Under the facts of this case, we find that the trial court abused its discretion in *733striking appellant’s pleadings as a sanction for failing to attend a mediation conference. The record does not demonstrate that level of misconduct which justifies the imposition of the severest of sanctions. See Roggemann v. Boston Safe Deposit and Trust Co., 670 So.2d 1073 (Fla. 4th DCA 1996); Townsend v. Feinberg, 659 So.2d 1218 (Fla. 4th DCA 1995). Other than the failure to attend mediation, the only misconduct relied upon by the trial court to justify the sanction was a failure to properly reply to a request for production. In response to an order compelling production, appellant prepared a two page handwritten memorandum, which he faxed to his attorney. The attorney then faxed his client’s handwritten missive to opposing counsel, instead of working with appellant to prepare a proper response under Fla. R.Civ.P. 1.350. Both incidents of misconduct reflect derelictions of appellant’s attorney,1 which do not support the striking of appellant’s pleadings in this case. See Kozel v. Ostendorf, 629 So.2d 817 (Fla.1994); Crystal Lake Golf Course, Inc. v. Kalin, 252 So.2d 379 (Fla. 4th DCA 1971).

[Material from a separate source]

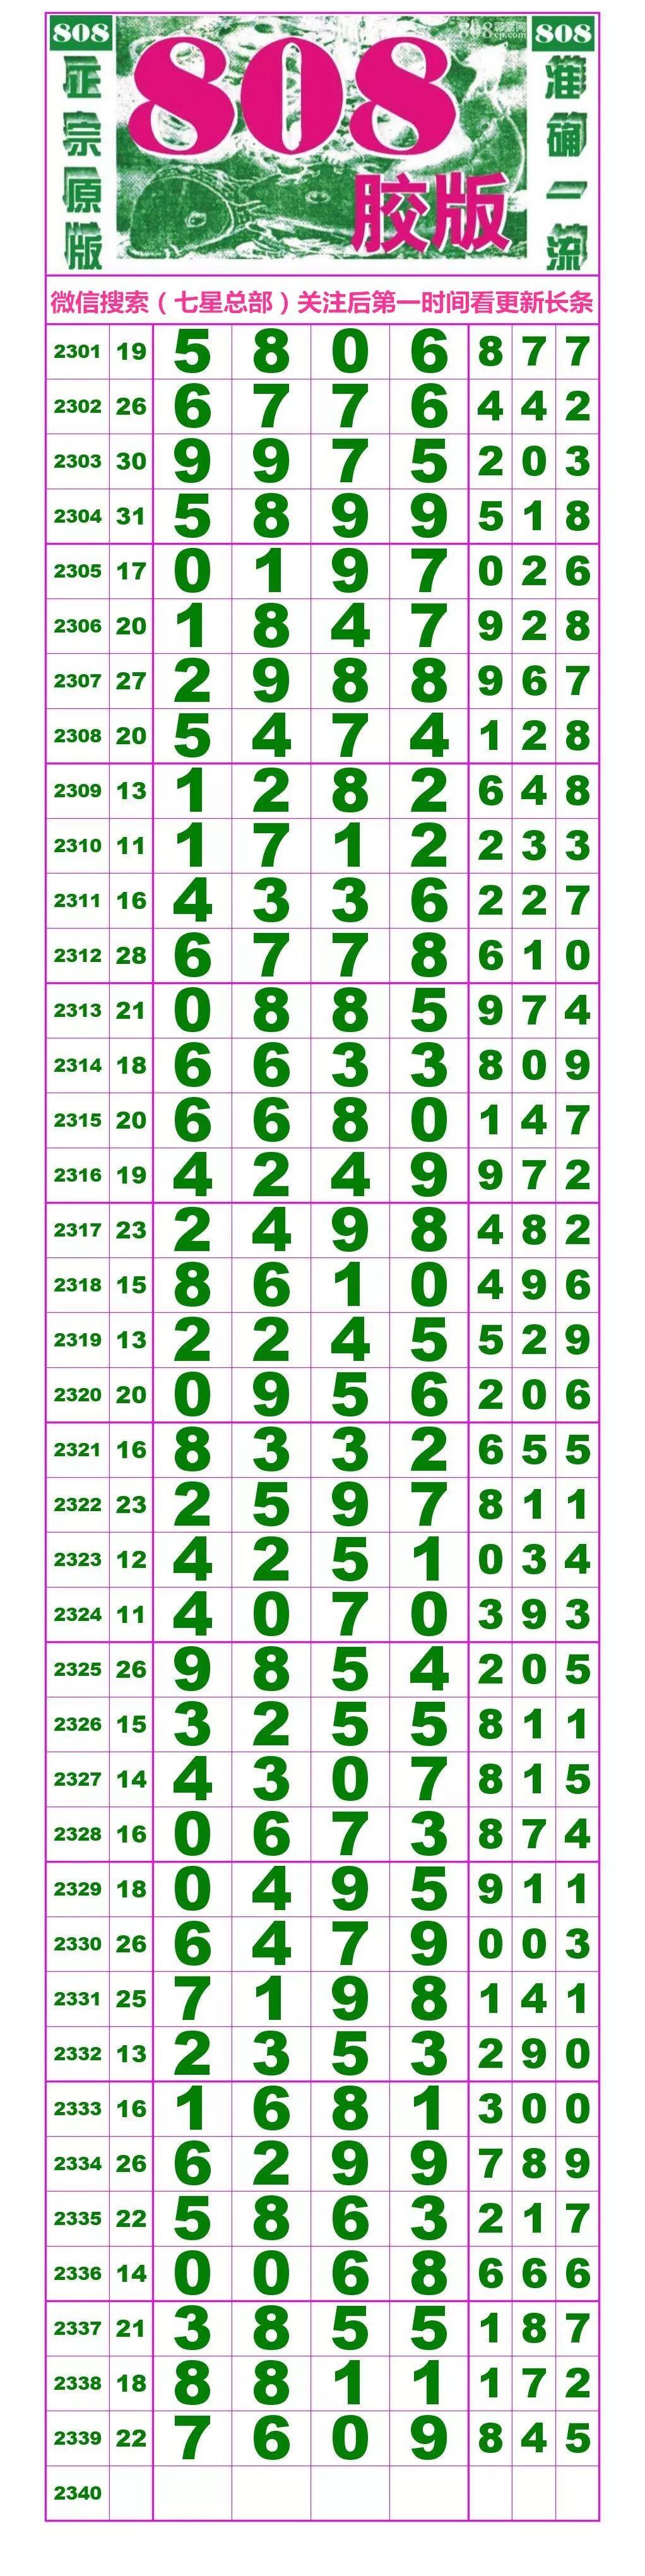 2340期:七星彩(珍惜)解码分析图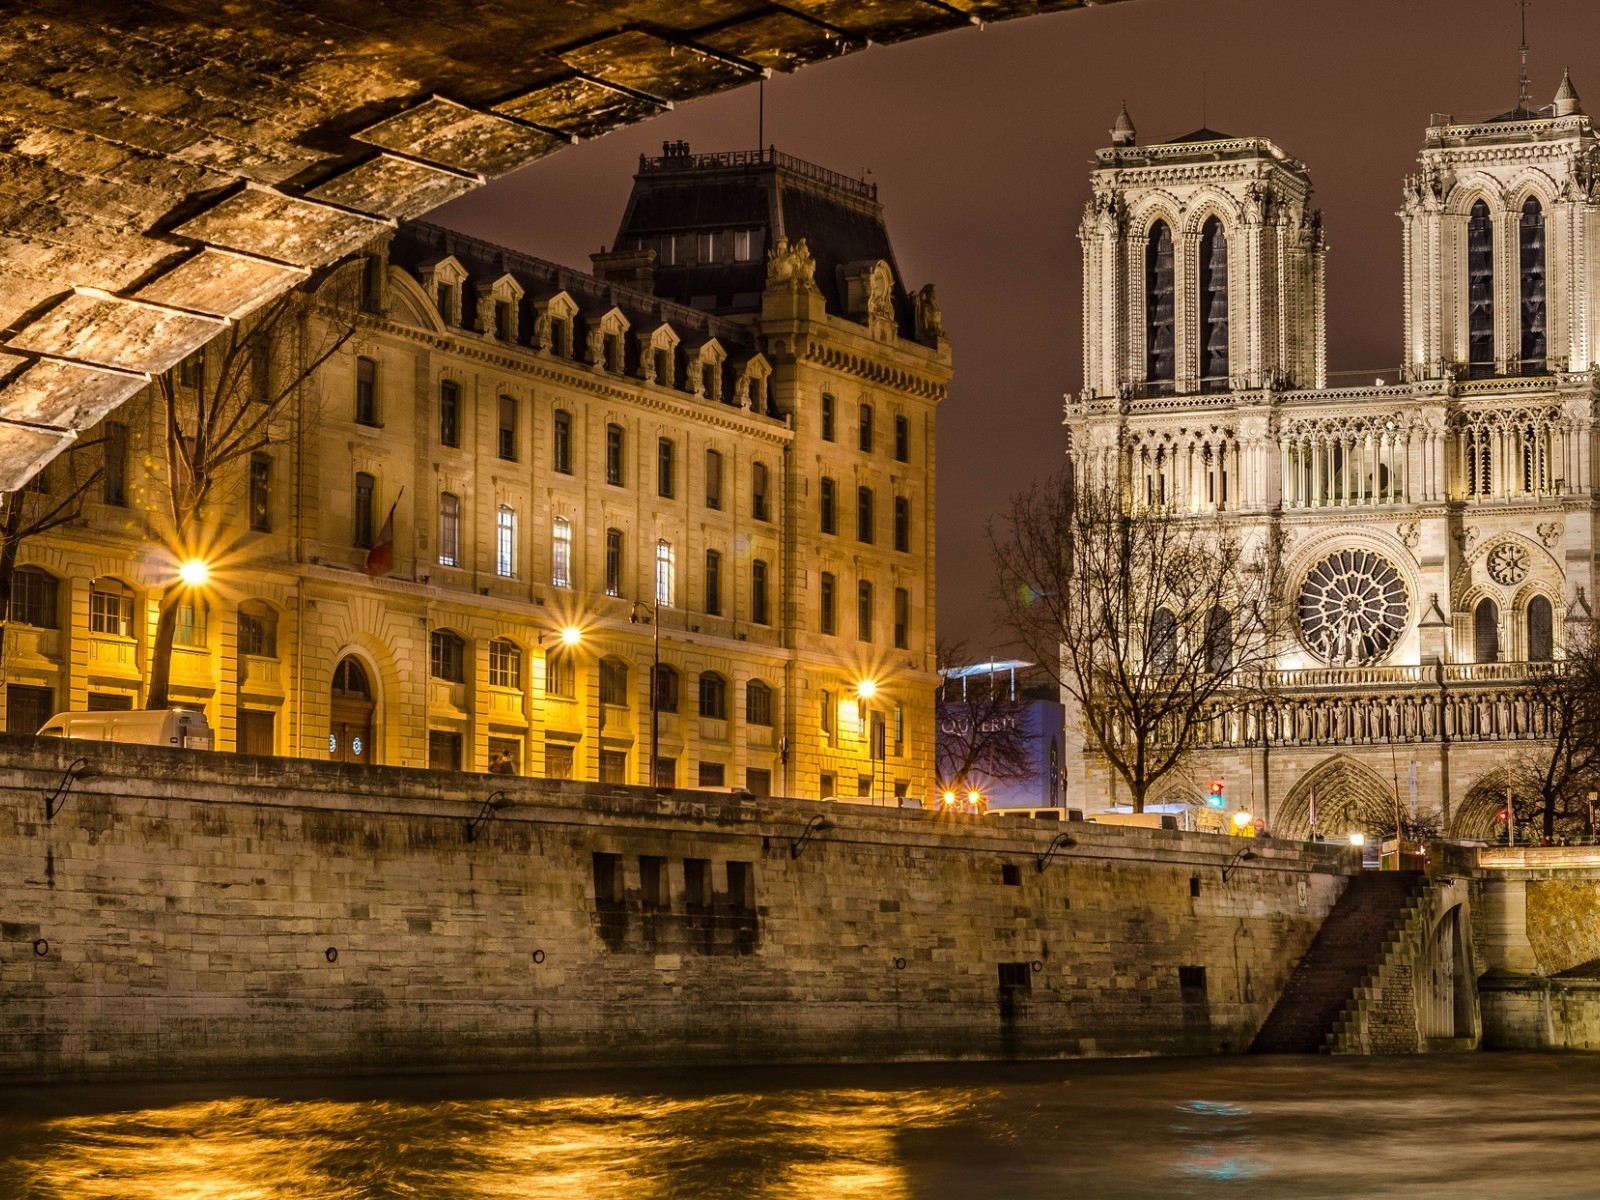 Notre Dame de Paris Front View for 1600 x 1200 resolution

As to the order imposing sanctions for the failure to produce documents, we find no abuse of discretion. We reverse the final judgment, the partial final judgment in favor of plaintiff as to liability and the November 2, 1995 order granting plaintiffs’ motion for sanctions. In light of the reversal, it is unnecessary to reach the other issue on appeal.
REVERSED AND REMANDED.
POLEN, PARIENTE and GROSS, JJ., concur.. Williams' appellate attorney did not handle the case at the trial level.